Come bedtime, we have to move Dog’s bed upstairs into our room. He occupies the same space in the bay but will not be able to go into the sitting room and throw himself at the the window as the sitting room door will be shut. He is confused. This is a normal state of affairs with Dog but Mr Mason takes Dog’s bed up to our bedroom and then tries to herd him upstairs. Dog looks bewildered. Am I to sleep upstairs? Why? Do you really mean it? Why are you moving my bed? Where is my duvet? If I go upstairs will you then tell me off? Is this a trick? Little thoughts cross his brain and he then decides he will go with it and go upstairs. Once he sees his bed is in the bay he jumps in with a silent Woo Hoo! Being allowed to sleep in the same room as the rest of the pack is Good News Indeed. The benefit from our perspective is that he does not hurl himself at the window. The downside is the flatulence. I wake in the night and enquire of Mr Mason whether it is him or Dog. He is not really sure and has also been woken by the smell so, on balance, we decide it is Dog. Once, when Dog was a mere puppy, Mr Mason gave him left-over sprouts. It was a very bad mistake and one which has never been repeated though is still talked about, so bad was the resulting aroma. Apparently, according to a Facebook group on the subject of Salukis, they are known to be terrifically flatulent. Apparently Bonio make a charcoal biscuit especially for them in an attempt to mitigate the horrendous smell.

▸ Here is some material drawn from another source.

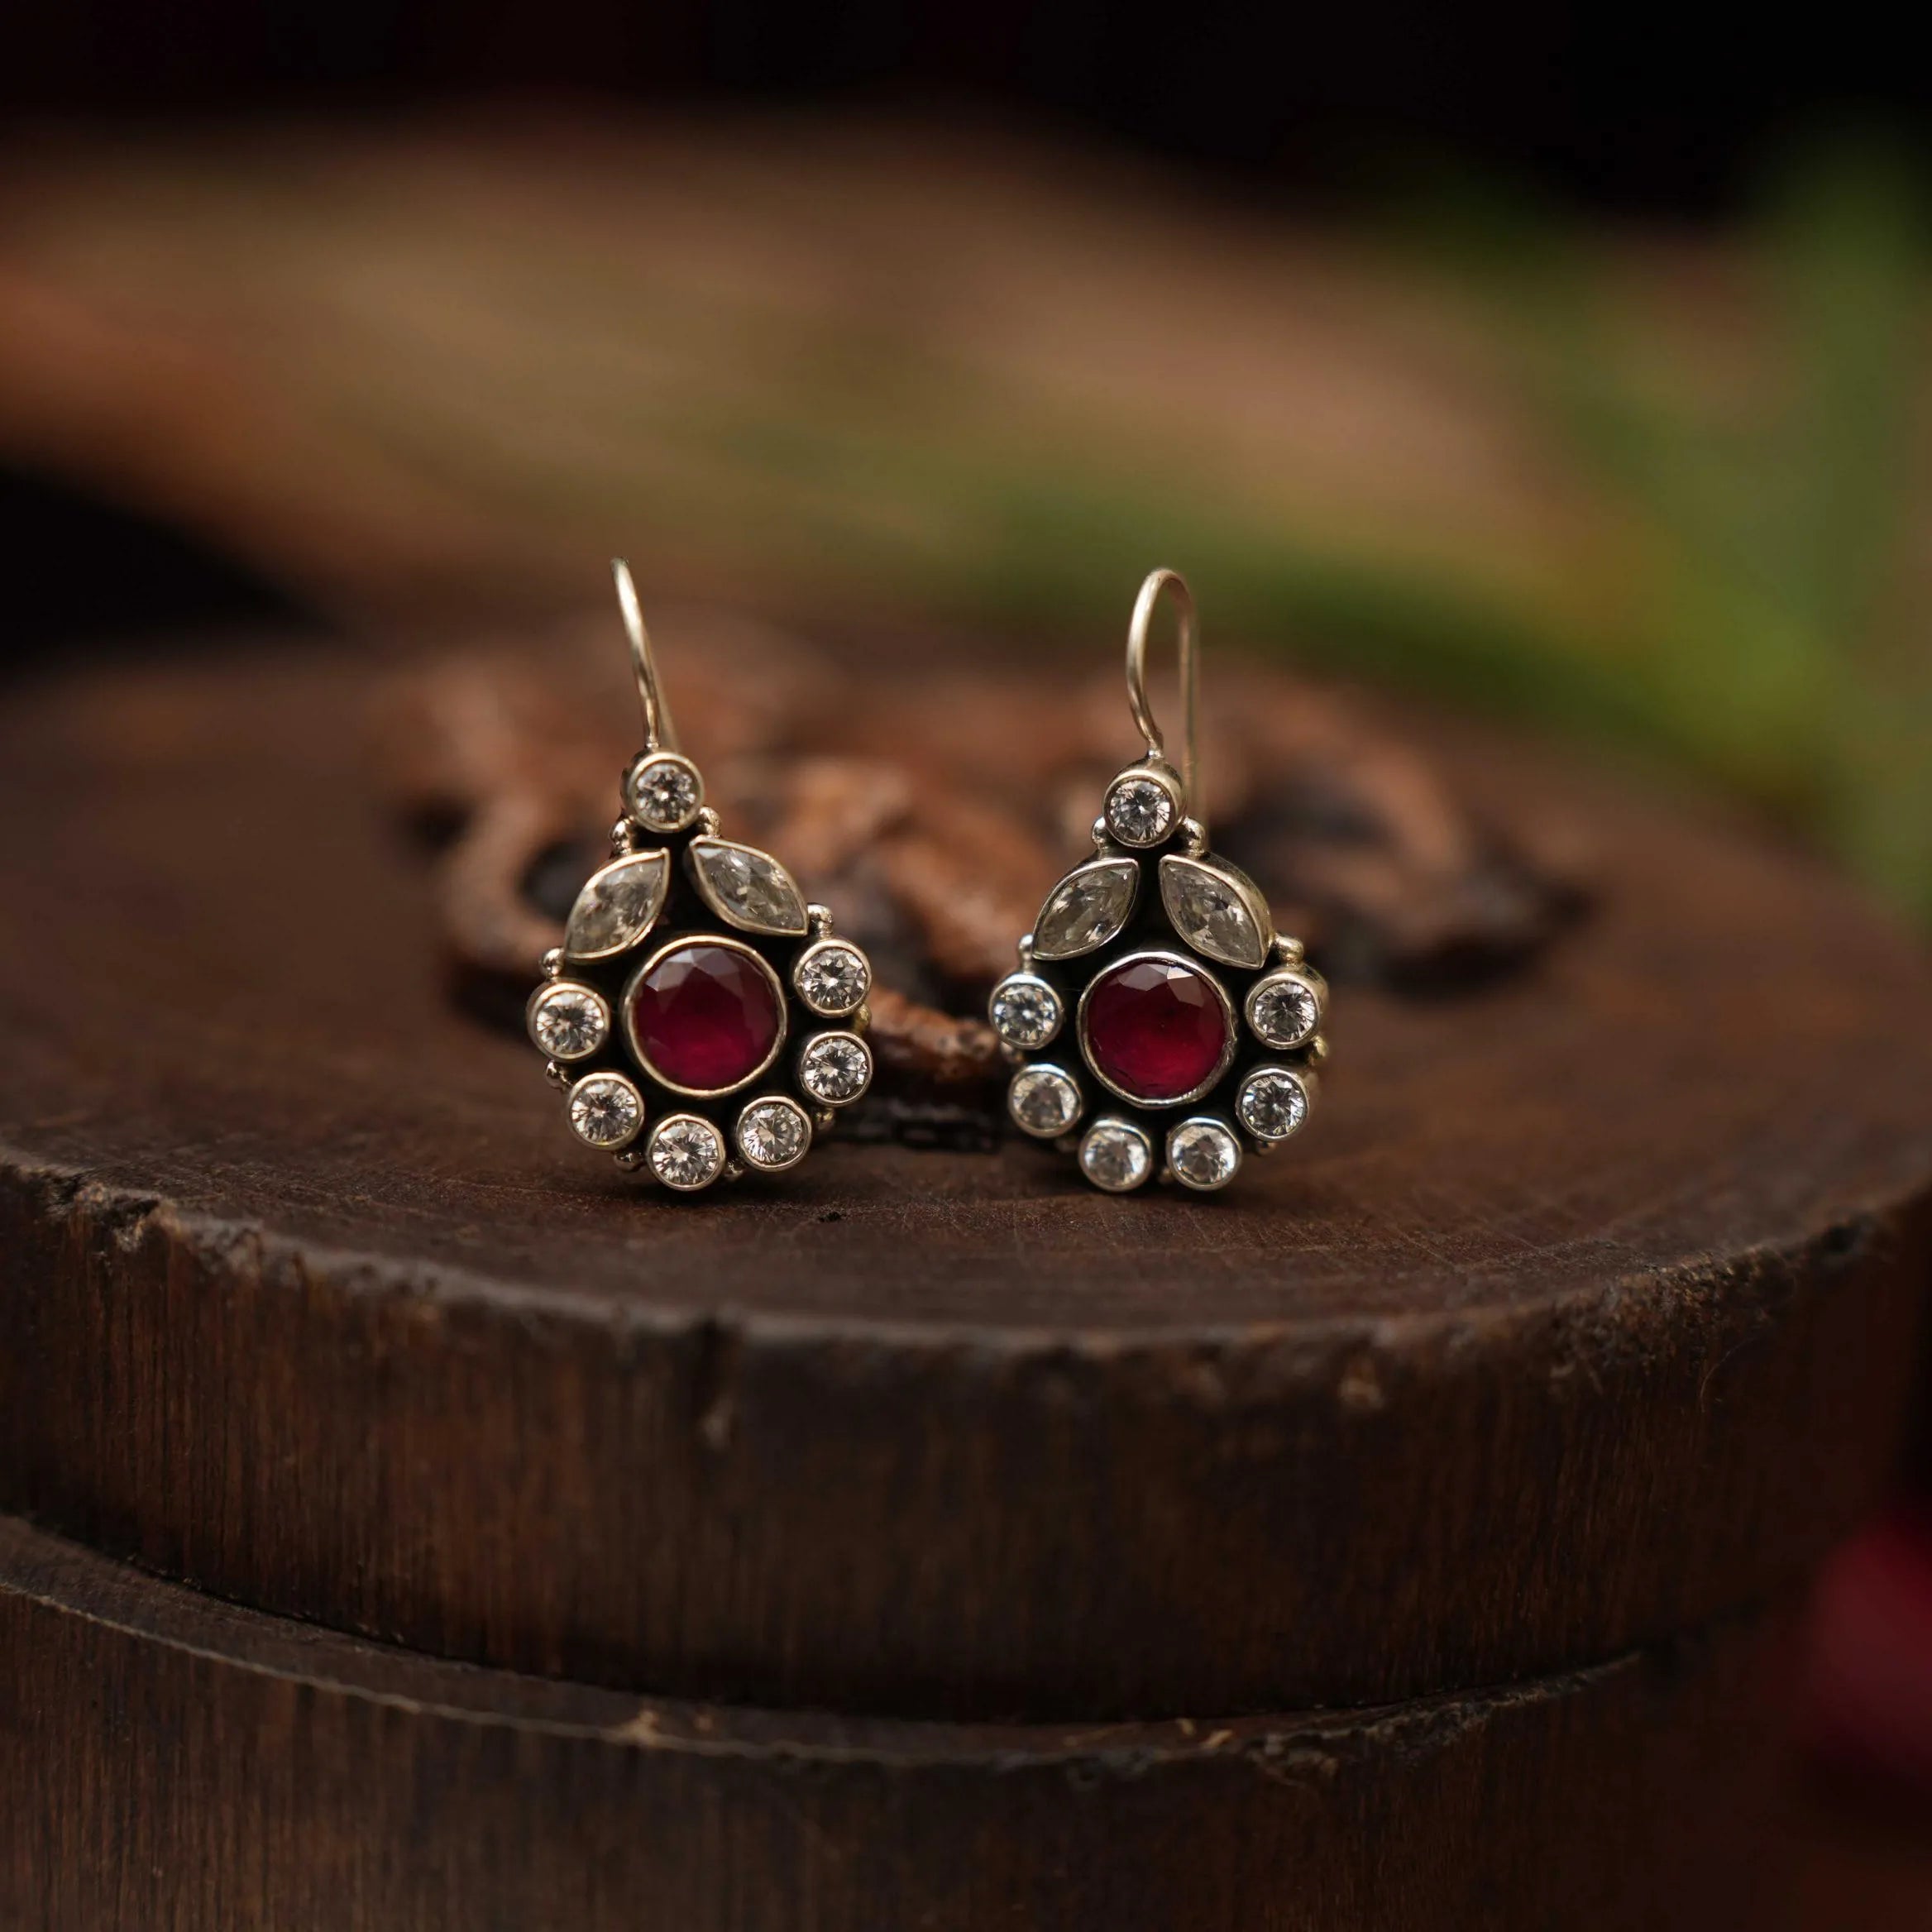 Misha Silver Oxidized Earrings - Red

So our week ends with sunshine, blue skies and a terrific paddling session. Last week we managed 10km. This week, with fewer crew and a paddling into a headwind we managed just over 8km which is excellent. Several people have invested in bum cushions (called something less descriptive on the website) to ward off the terrible blisters some crew members have suffered. Some people have recommended soaking our backsides in vinegar and others have suggested a specific kind of sticking plaster which some crew members seem rather keen to stick on other crew members. It is all getting out of hand so we decide on bum cushions. And I have brought the tone down yet again. I do apologise but am afraid the situation is rather outside my control.
It does put me in mind of a lovely Mervyn Peake poem which I will leave you with.
My Uncle Paul of Pimlico
Has seven cats as white as snow,
Who sit at his enormous feet
And watch him, as a special treat,
Play the piano up side-down,
In his delightful dressing-gown;
The firelight leaps, the parlour glows,
And while the music ebbs and flows
They smile (while purring the refrains)
At little thoughts that cross their brains.